Welcome to statistics! This is a feature of all statistical
analyses. e.g. You do one test only and use alpha=0.05 to test,
rejecting with p=0.049. But if you do 10,000 tests you will use a
multiple comparisons procedure, and your original test will no longer
be rejecting. Bayesian analysis also depends on the entire set of
tests, because the posterior depends on all the data.
--Naomi
At 04:48 AM 6/18/2007, Lev Soinov wrote:
> Dear Gordon and List,
>
> I would very much appreciate your comment on the experiment
> design in LIMMA. It is about processing of experiments with
> multiple treatments.
>
> Let's say we have a simple Affy experiment with 16 samples
> collected from a cell line (treated/untreated) in two time points:
> - 4 treated, 4 untreated - time point 1
> - 4 treated, 4 untreated - time point 2
> We are interested in differential expression between treated and
> untreated cells, in point1 and point2 separately.
> When we process all samples together (normalise them together and
> fit linear fit models using the whole dataset) in LIMMA we will get
> results different from when we process data for points 1 and 2
> separately (normalise them together but fit liner models separately).
>
> I do understand that it should be like this (more information for
> priors), but I do not know whether there is some kind of a
> criterion helping decide whether to process them separately or in
> one go. It seems that adding more treatments into the mix increases
> statistical power and thus, increases the number of genes
> classified as differentially expressed.
> The latter seems a bit strange to me, because the number of genes
> classified as differentially expressed in one comparison (contrast)
> should not depend on the genes differentially expressed in some
> other comparison (contrast).
>
> I have tried this on real data, processing data for different
> time points separately and together. I found that t and p values
> and also ordering of genes were different.
>
> To illustrte this further I created a simple example in R to
> demonstrate the effect of adding more treatments:
> I have generated a random matrix with 12 columns (4 treatments, 3
> replicates each), first 3 genes are upregulated in the first treatment.

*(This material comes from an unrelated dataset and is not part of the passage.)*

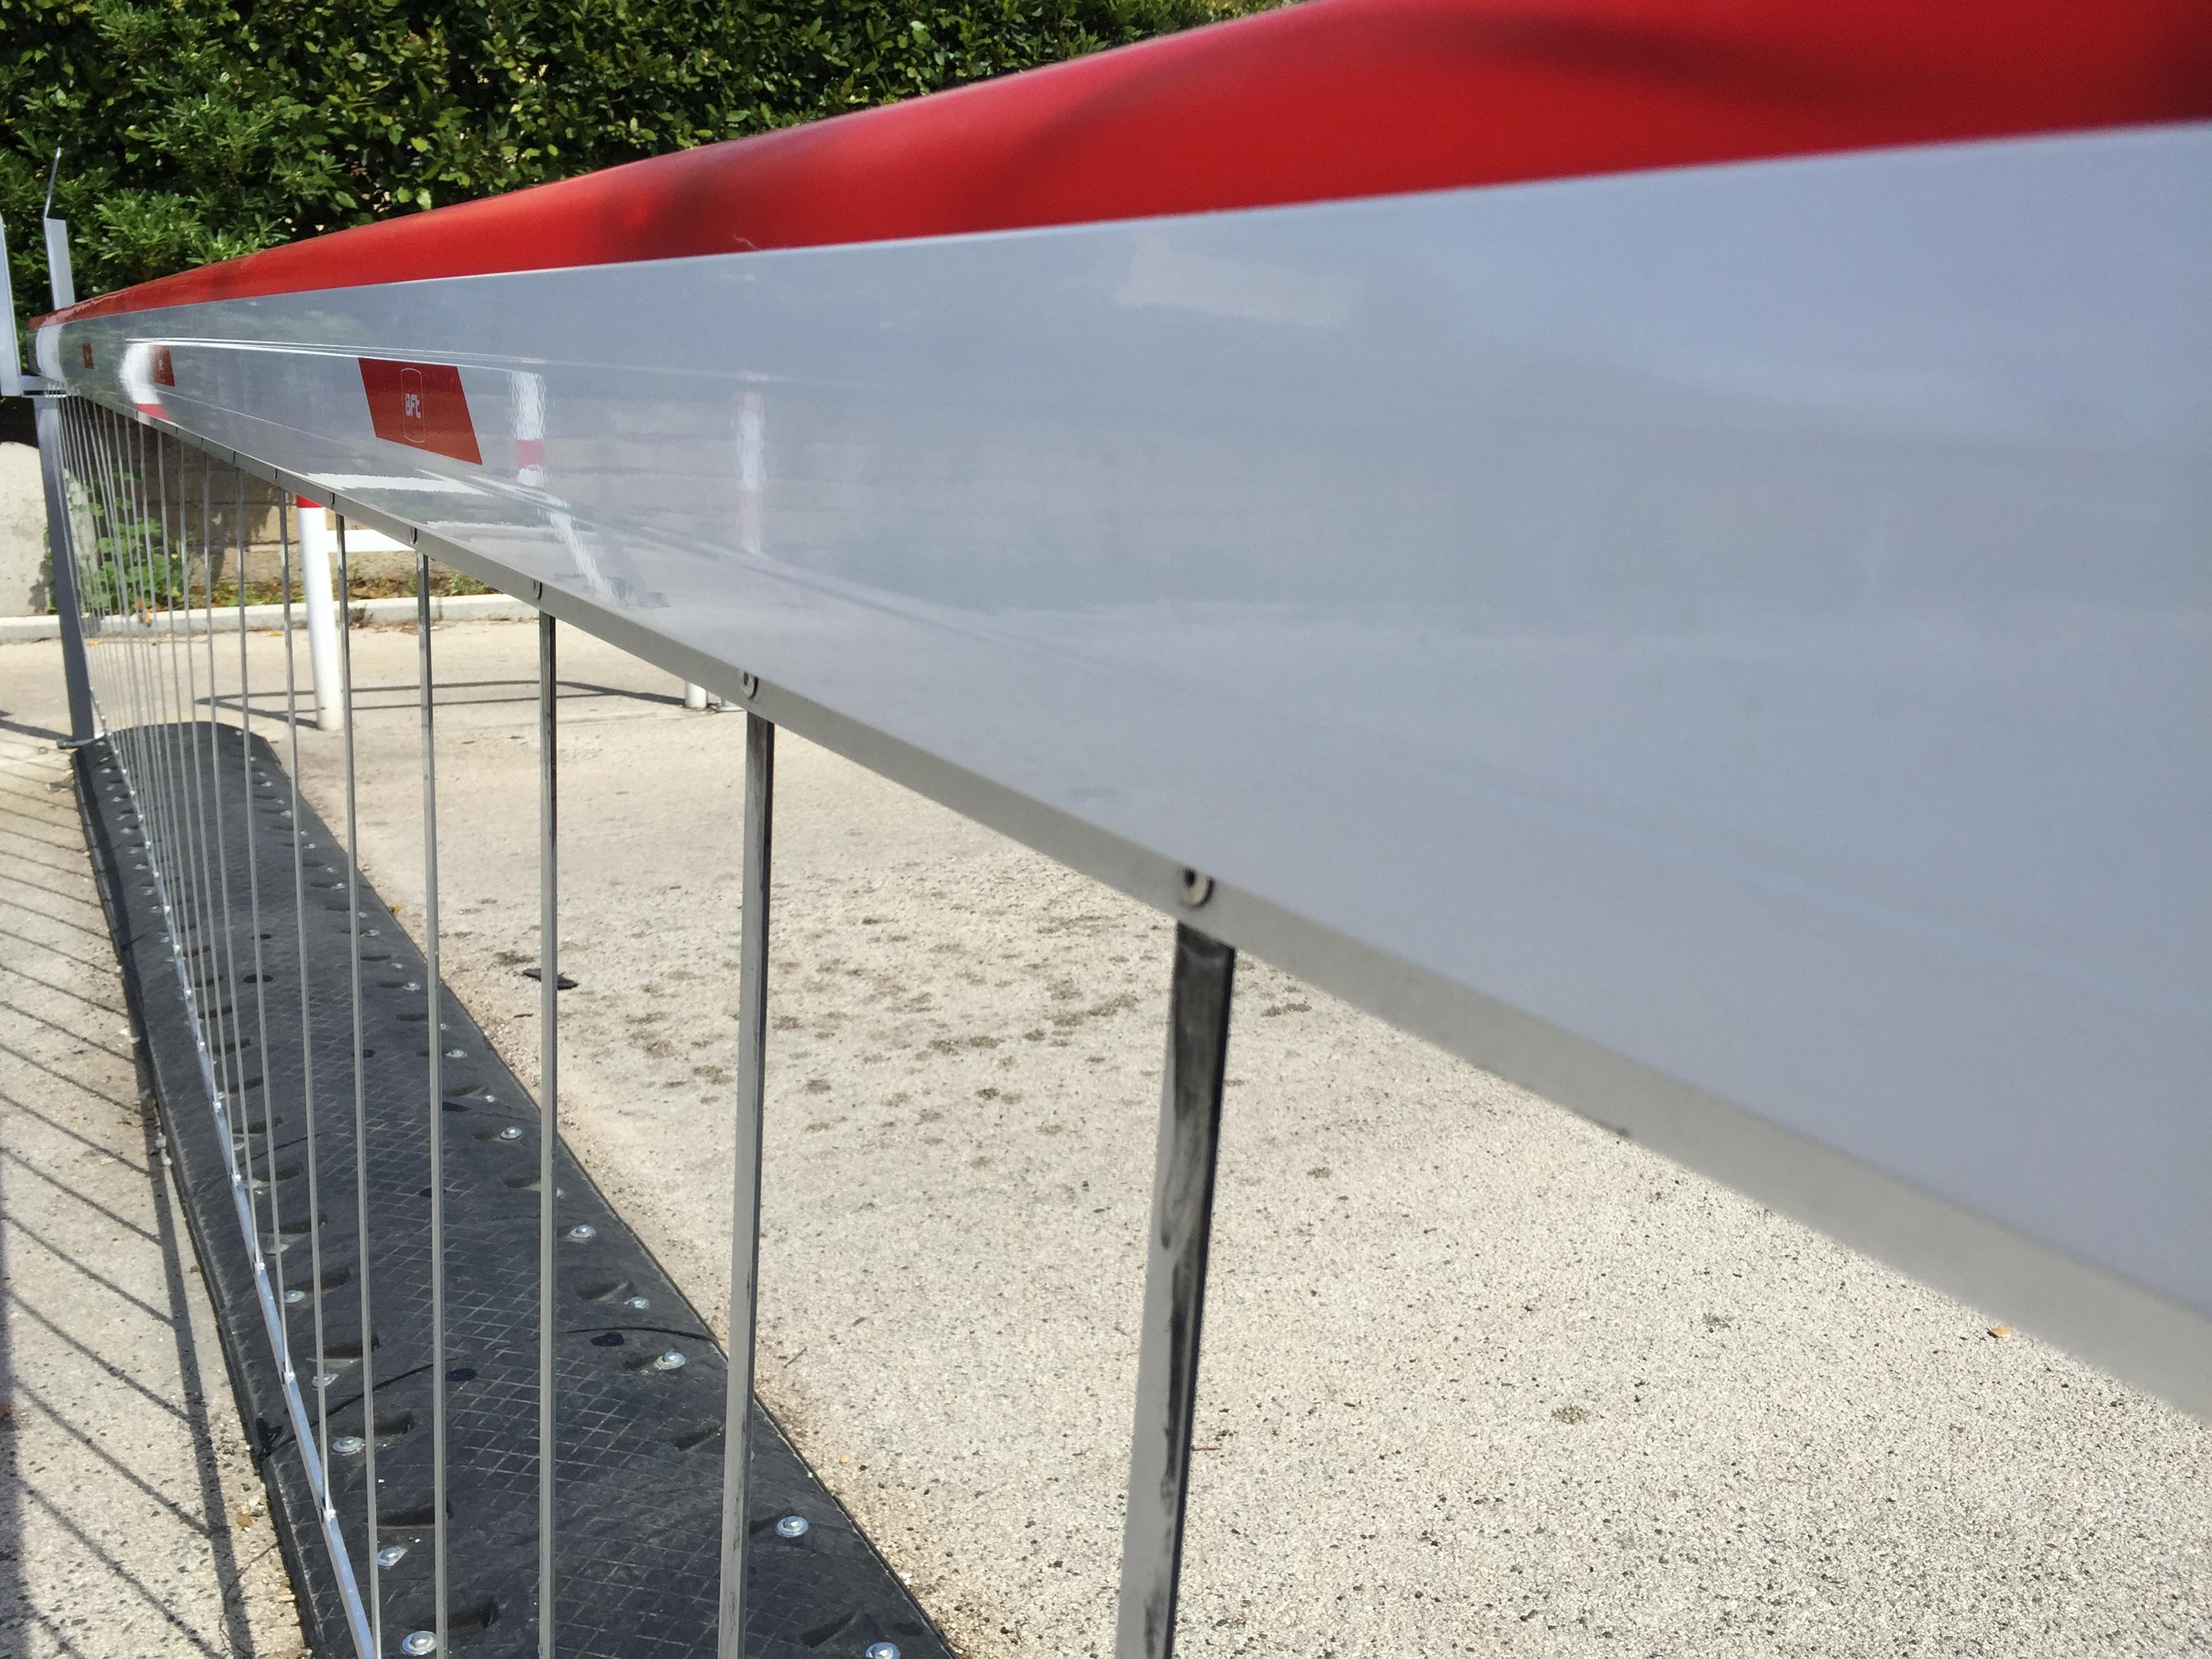 controllo accessi installazione manutezione anzio nettuno roma

> Then I ran linear fit + eBayes (i) on the first 6 columns, (ii)
> on the first 9 columns and (iii) on all 12 columns, while only
> testing the contrast between the first two treatments. My code and
> results are below.
> topTable results, below, show that by adding treatments we change
> estimates not only for moderated t statistics but also for ordinary ones.
> Could you, please, help me clarify this? I'd like to understand
> why information about
> treatments that may have no influence on the contrast of interest
> (in my example it may be the same cell line: untreated plus treated
> with 3 different chemical compounds, and we test ONLY the
> difference between untreated cells and cells treated with compound
> 1, leaving treatments with the other two compaunds out) affects
> lmFit and eBayes results for this contrast so much.
> Thank you very much for your help.
> With kind regards,
> Lev Soinov.
>
> Code in R:
> set.seed(2004); invisible(runif(100))
> M1 <- matrix(rnorm(100*12,sd=0.3),100,12)
> M<-M1[,1:6]
> M[1:3,1:3] <- M[1:3,1:3] + 2
> design<-model.matrix(~0 +factor(c(1,1,1,2,2,2)))
> colnames(design) <- c("group1", "group2")
> contrast.matrix <- makeContrasts(group2-group1, levels=design)
> fit <- lmFit(M, design)
> fit2 <- contrasts.fit(fit, contrast.matrix)
> ordinary.t1 <- fit2$coef / fit2$stdev.unscaled / fit2$sigma
> fit2 <- eBayes(fit2)
> topTable(fit2, coef=1, adjust="BH")
>
> M<-M1[,1:9]
> M[1:3,1:3] <- M[1:3,1:3] + 2
> design<-model.matrix(~0 +factor(c(1,1,1,2,2,2,3,3,3)))
> colnames(design) <- c("group1", "group2", "group3")
> contrast.matrix <- makeContrasts(group2-group1, levels=design)
> fit <- lmFit(M, design)
> fit2 <- contrasts.fit(fit, contrast.matrix)
> ordinary.t2 <- fit2$coef / fit2$stdev.unscaled / fit2$sigma
> fit2 <- eBayes(fit2)
> topTable(fit2, coef=1, adjust="BH")
>
> M<-M1[,1:12]
> M[1:3,1:3] <- M[1:3,1:3] + 2
> design<-model.matrix(~0 +factor(c(1,1,1,2,2,2,3,3,3,4,4,4)))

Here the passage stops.